Seven years ago, Vasily’s marriage ended. He gave up his job as a night watchman to be his daughter’s sole carer, a position that is broken only for an hour or two each week when the nurse arrives to check on things or a relative comes by to let him go outside for an evening. Sasha hasn’t touched fresh air for a decade.
The room to my left is furnished only by a large armchair and a TV set that sits on a dilapidated stand next to the window. The chair has a stained hand towel draped around its armrest. Surrounding it is an archipelago of carer’s paraphernalia: diapers and diaper cream, baby wipes and talc, bandages, gels, towels, a feeding bottle, moisturiser, cotton balls. The chair retains the indentations of many hours of use.
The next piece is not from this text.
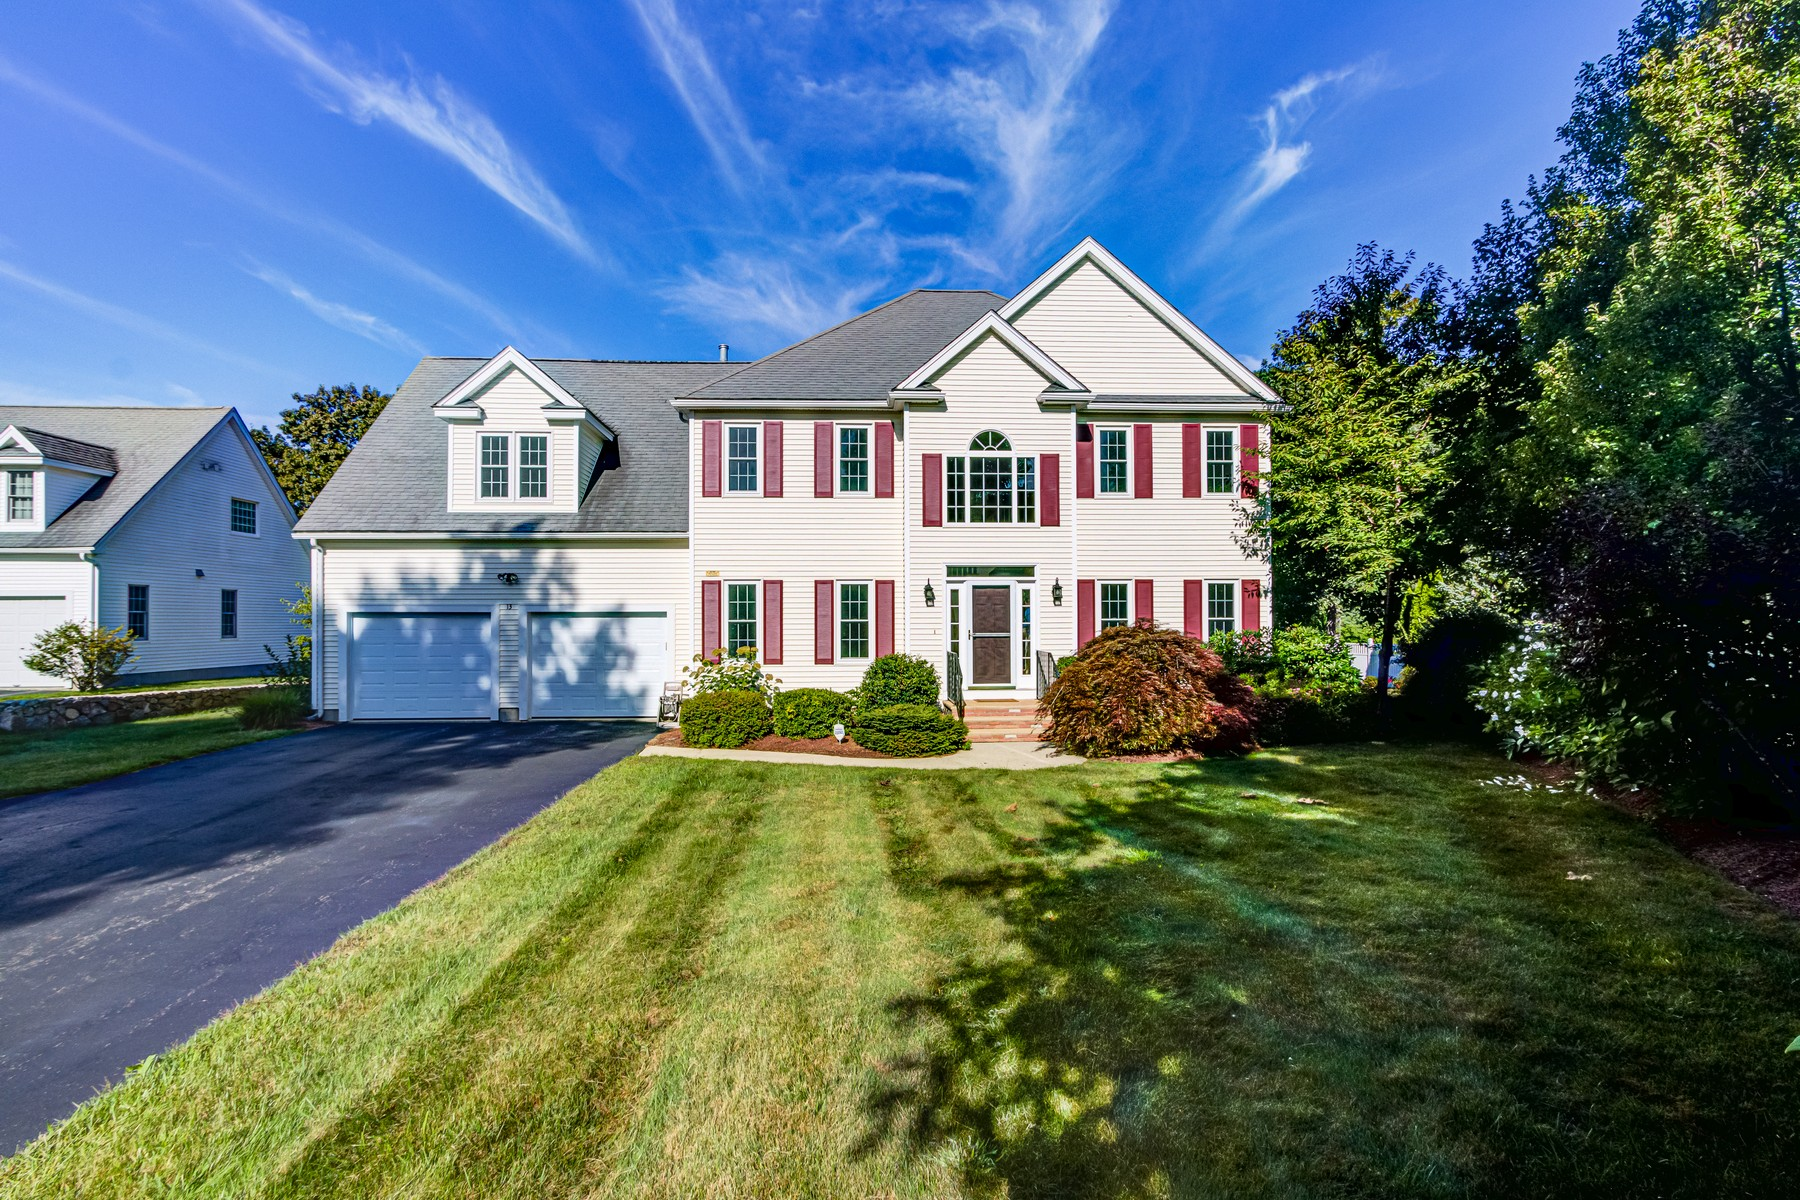 Single Family Homes por un Venta en Bright And Meticulously Maintained Colonial 13 Muir Way Marlborough, Massachusetts 01752 Estados Unidos

Through the window of the living room in front of us, I can see a neighbouring block. Its lintels and windowsills are painted in confectionary pink, its doors and archways in baby blue. Veins of cracks run down the façade, leaking onto the pavement, running into potholes in the driveway, where an elderly woman beats the dust out of a suspended rug. Vasily, spent, beckons us forward. We step inside the living room and he motions to the sofa. Sasha is resting there.
The sofa is a two-seater, but there is still ample room for her to lie outstretched upon it. She faces the wall. The outline of her body can be clearly seen through the tightly wrapped blanket covering her. She has the body of a six-year-old. A short, frail frame; without contours. Her head generates a response of shock and pity. Sasha is hydrocephalic, a congenital condition that caused her head to swell to grotesque proportions. Weighing twenty pounds, it is almost the size of her upper body and shaped like a speech bubble; an enormous dome tapering off into a slender chin. She lies in a foetal position, each breath a struggle, her inhalations catching in her sinuses. She is almost hairless, a light down covers her skull, which is pockmarked with large, seeping calluses. Vasily has treated them carefully with white antiseptic powder to soak up and quell the irritation. A bandage is wrapped from her forehead around to the back of her crown to catch any discharge. She is blind and vulnerable as a newborn. The sofa is not a temporary resting place, it is her bed. On a normal day, Vasily cradles her in the armchair and at night lays her here, then unrolls a mattress onto the ground next to her, where he settles down for the night, reaching up to place a hand of reassurance on her body.
Sasha’s and Vasily’s lives have changed only minimally since her mother left. Vasily has the option of admitting Sasha to an orphanage, but he refuses to do so. Neglect there is assured. In these institutions even the official documentation refers to congenitally deformed children as imbeciles and retards. Despite their numbers, they are not considered part of the general population. Stories of sexual abuse in orphanages—even amongst the most stricken cases—are rife.